In order to be a "historical" work for the purposes of invoking the fair use doctrine, defendants' book thus need not evidence (even a minimum) scholarly effort or be in the form prescribed by academic historians, as plaintiffs' experts apparently believe. Rather all that need be shown is that there be some serious attempt to describe a historical event which could be of some benefit to the public at large. Whether the work here meets this minimal legal standard is a question of law which must be determined by the court primarily on the basis of an examination of the work itself.
As previously noted, by Judge Tyler, The Implosion Conspiracy is primarily an analysis of the Rosenberg trial and the post-conviction legal proceedings. The author of the book — Louis Nizer — has a reputation as a leading trial lawyer. Even if, as plaintiffs contend, the book is filled with errors and completely devoid of independent research, this court believes that, as a matter of law, a purportedly serious work by one with Nizer's reputation and experience as a trial lawyer about a famous and controversial trial is of some public benefit and thus a historical work entitled to claim the protection of the fair use doctrine. The affidavits by the plaintiffs in no way raise a genuine issue of fact as to this question; rather, they indicate either a misunderstanding of the legal definition of a historical work for purposes of the fair use doctrine or that there may be disputed factual questions as to issues irrelevant to the determination of whether the defendants' book falls within that definition. The affidavits of many of plaintiffs' experts indicate that in fact even they would concede that defendants' book meets this minimal legal standard.
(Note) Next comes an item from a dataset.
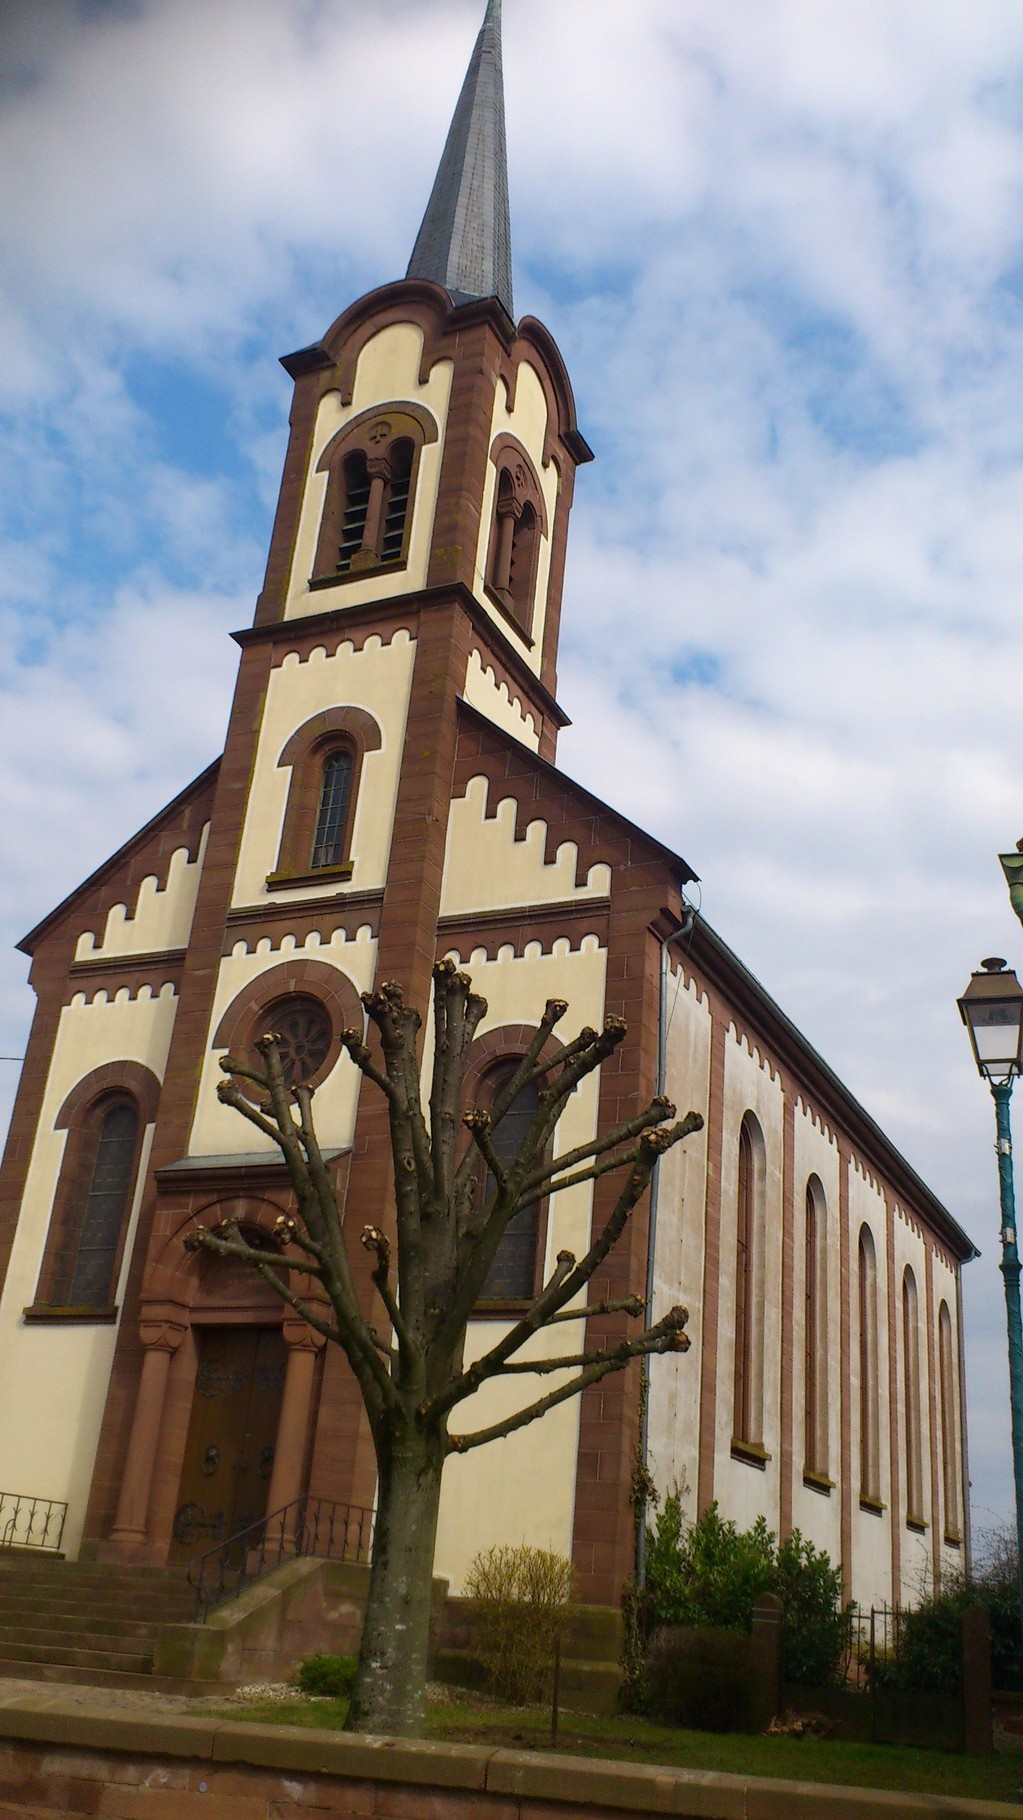 Eglise St Michel de Frœschwiller

The affidavit of Professor Chomsky for example concedes that there are some comments on legal strategy of the parties and errors in cross examination in Nizer's book that might be of value. The letter of Professor Genovese states that the book has some value "as a document in itself." The letter of Mr. Goldstein, the producer of a television program about the Rosenberg trial, states that the book was read "with interest particularly inasmuch as Nizer is a close associate of Kaufman and Saypol." The affidavit of Professor Falk indicates that Nizer's book is a work of entertainment, which a library collecting books for scholars might buy "for the sake of completeness." The affidavit of Professor Williams indicates that the work would have value as primary source material for a scholar undertaking a biographical study of the author.
Plaintiffs also claim that they will be able to prove at trial that defendants' work has reduced the potential market for future publications of the Rosenberg letters and that the amount of material copied by the defendants is quantitatively and qualitatively substantial. While plaintiffs have yet to come forward with one iota of evidence indicating that The Implosion Conspiracy has in any way damaged the market for the Rosenberg letters, it is possible that plaintiffs at trial would be able to prove such damage. For purposes of this motion, therefore it must be assumed that the defendants' book diminished the value of plaintiffs' copyrighted letters. This fact alone, however, is not in this court's view sufficient to preclude the defendants from claiming fair use. While the impairment of the commercial value of the copyrighted work is a factor to be considered, a copy may be sufficiently limited or otherwise privileged so as to be entitled to fair use protection.
In fact, as Judge Tyler pointed out, if anything the record before this court indicates that the publication of The Implosion Conspiracy may have enhanced the value of plaintiffs' copyright on their parents' letters.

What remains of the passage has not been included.